Windsor mayor says he would have cleared blocked border “within the first couple hours” if he had authority
Windsor Mayor Drew Dilkens says it’s up to the police chief, not him, to direct the law enforcement response. He says he’s “frustrated” with the situation.
Windsor Mayor Drew Dilkens says he would have acted sooner to clear protesters blocking the Ambassador Bridge entrance if he had the authority to do so.
“I would have wanted this ended within the first couple hours of it starting. Unfortunately, I don’t have that authority.” – Windsor Mayor Drew Dilkens
Dilkens tells WDET’s Stephen Henderson on Detroit Today that “there is a bright line in legislation at all three levels of government in Canada that politicians cannot direct police operations”
Listen: Windsor Mayor Drew Dilkens describes the situation on the ground in Windsor and what he and other public officials are doing to address it.
“I would have wanted this ended within the first couple hours of it starting,” Dilkens tells Henderson. “Unfortunately, I don’t have that authority.”
Dilkens chairs the Windsor Police Services Board, but says that does not give him control of policing decisions. “That is the responsibility of the chief,” he notes, referring to Windsor Chief of Police Pamela Mizuno.
“It’s not a criticism of the chief,” Dilkens says. “I would just, you know, I see what’s going on here. And I see very clearly that there’s no resolution that is going to make all of these protesters happy.”
The Windsor mayor calls the protesters “a fringe group of outliers.”
“They are not part of the majority of Canadians, who have done their part” to help slow the spread of COVID-19 during the pandemic.
“You have people who are just angry with government in general, who are now gathering and willing to fight and to protest. And half of them aren’t even really sure why they’re there.” – Windsor Mayor Drew Dilkens
The demonstrations and blockades began as a protest against vaccine mandates for truckers re-entering Canada from the United States. But Dilkens says the motivation behind the protests “has morphed greatly since that time.”

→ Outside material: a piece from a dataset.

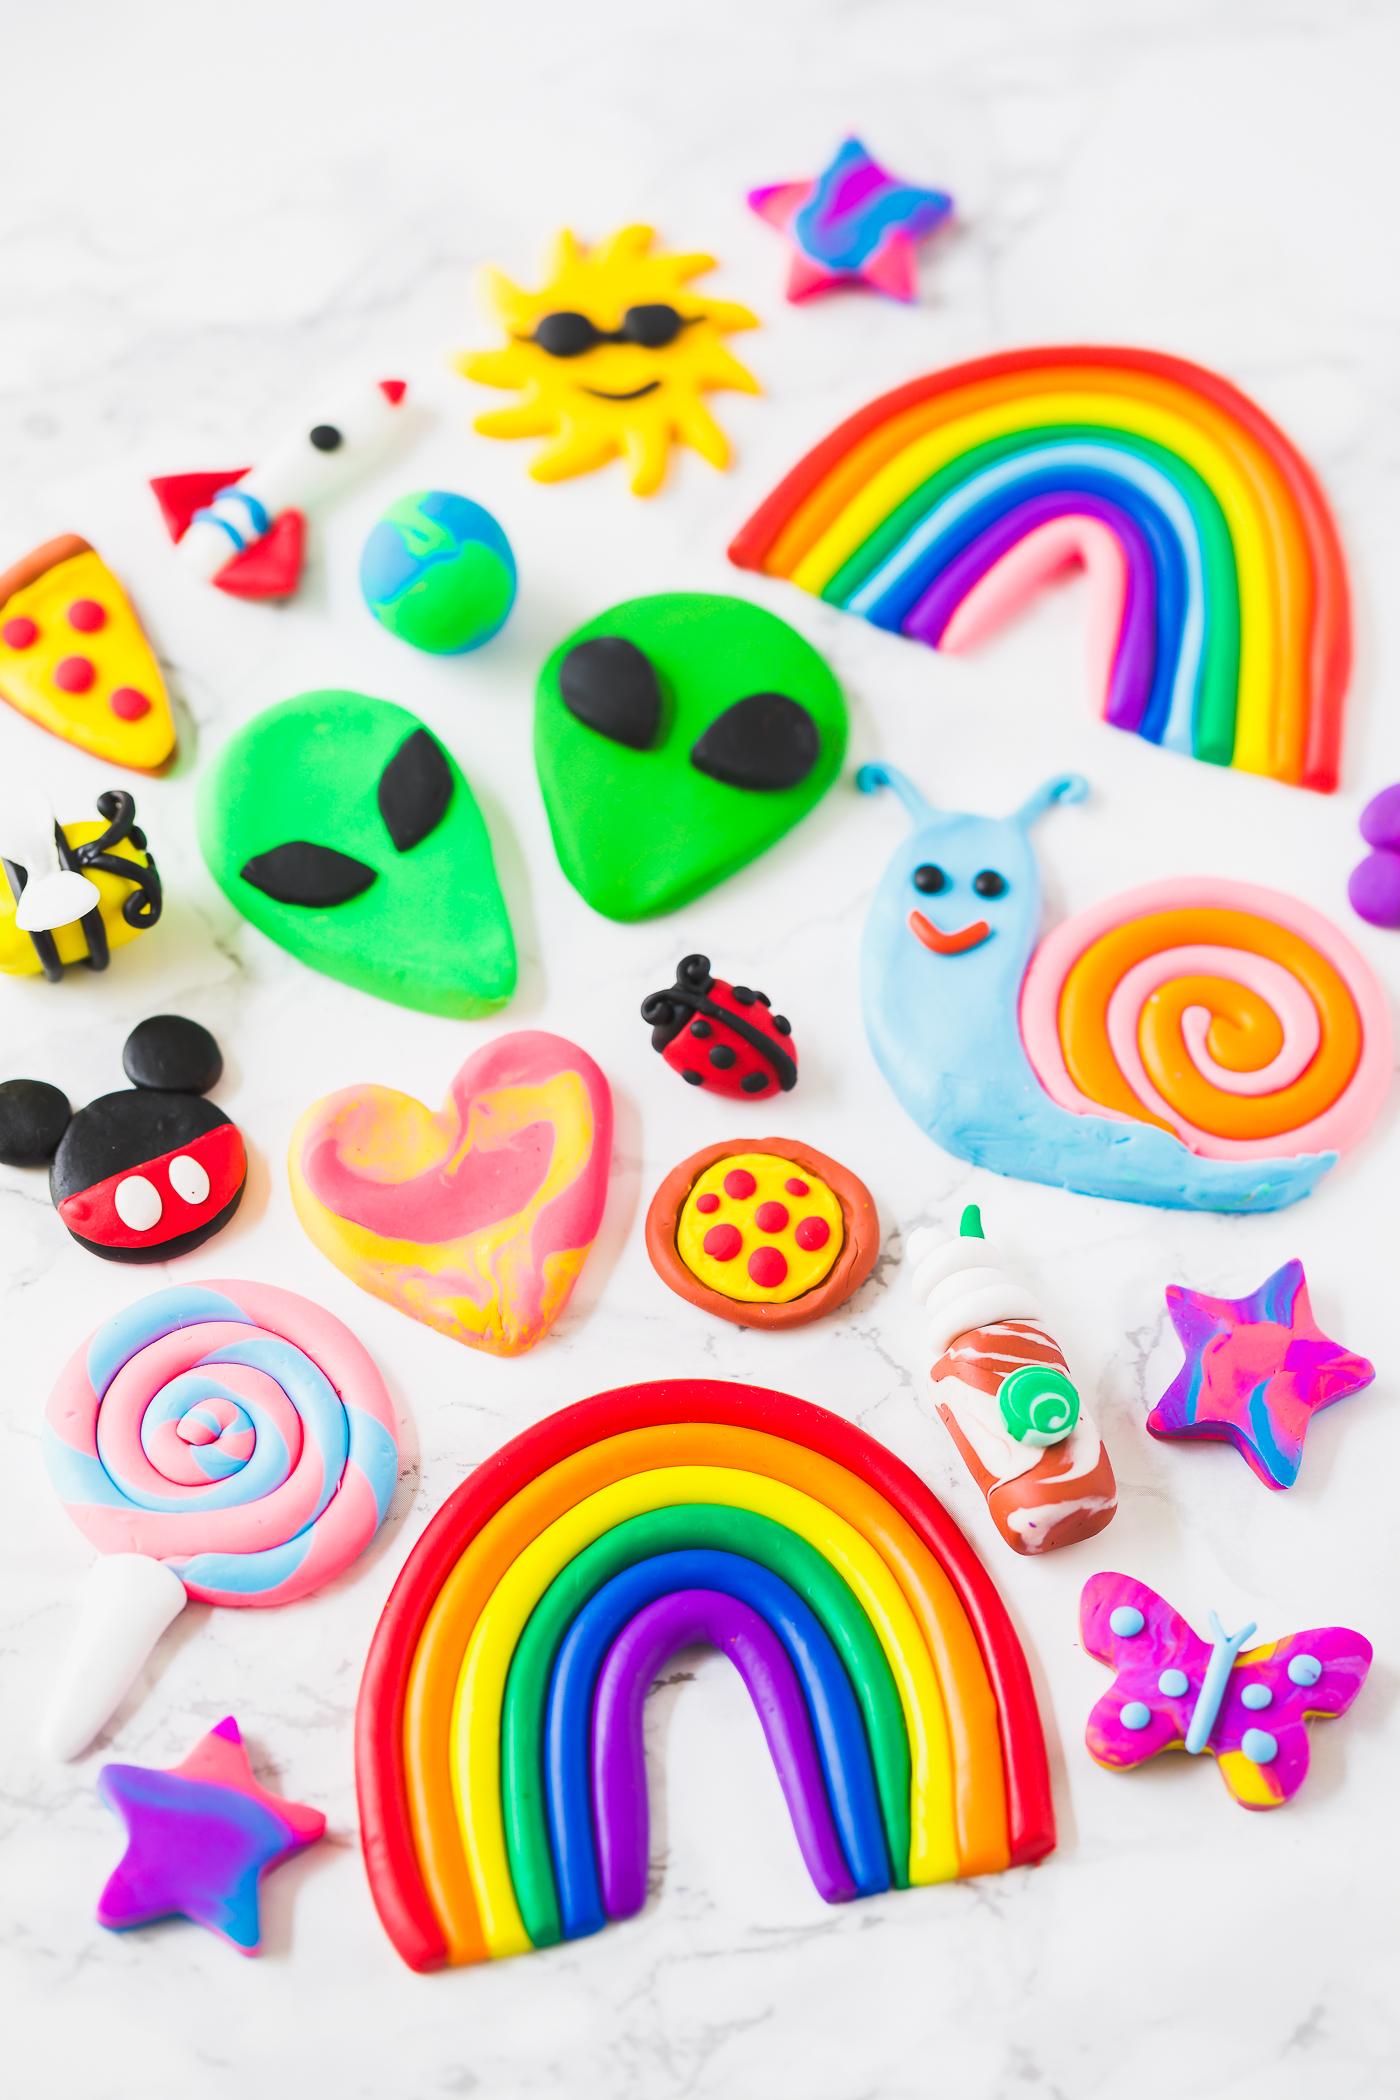 cute kawaii clay designs

“That narrative has been entirely lost now,” he continues. “So there is still a subset of people who are just upset with mask mandates, vaccine mandates, rules and restrictions related to the pandemic. But this has morphed into a whole other type of event.
“And I would say it’s analogous to what you would see when the G7 or the G20 meet, where you have people who are just angry with government in general, who are now gathering and willing to fight and to protest. And half of them aren’t even really sure why they’re there.”
Dilkens says that the value of trade that crosses the Ambassador Bridge is about $400 million a day, which is now being interrupted. That disruption has a disproportionate effect on the auto industry on both sides of the Detroit River.
“This is about lawless, illegal behavior. And regardless of who is undertaking that behavior, I think the response would be measured and be the same.” – Windsor Mayor Drew Dilkens
He pushes back against the idea that authorities would be handling the situation differently if racial makeup of the protesters were significantly different.
“I certainly don’t think that the response would be any different regardless of who’s here,” says Dilkens. “I think what you’ve seen in police responses across the province and around the country, with respect to indigenous blockades, or indigenous protests are also the same response, a very measured response — where there’s perimeter blocked and negotiations that are ongoing, and it’s effectively the same type of response that you see in place here.
“And so I don’t think it has anything to do with the color of the skin, the sex, the sexual orientation, the race, color, creed, any of that stuff. This is about lawless, illegal behavior. And regardless of who is undertaking that behavior, I think the response would be measured and be the same.”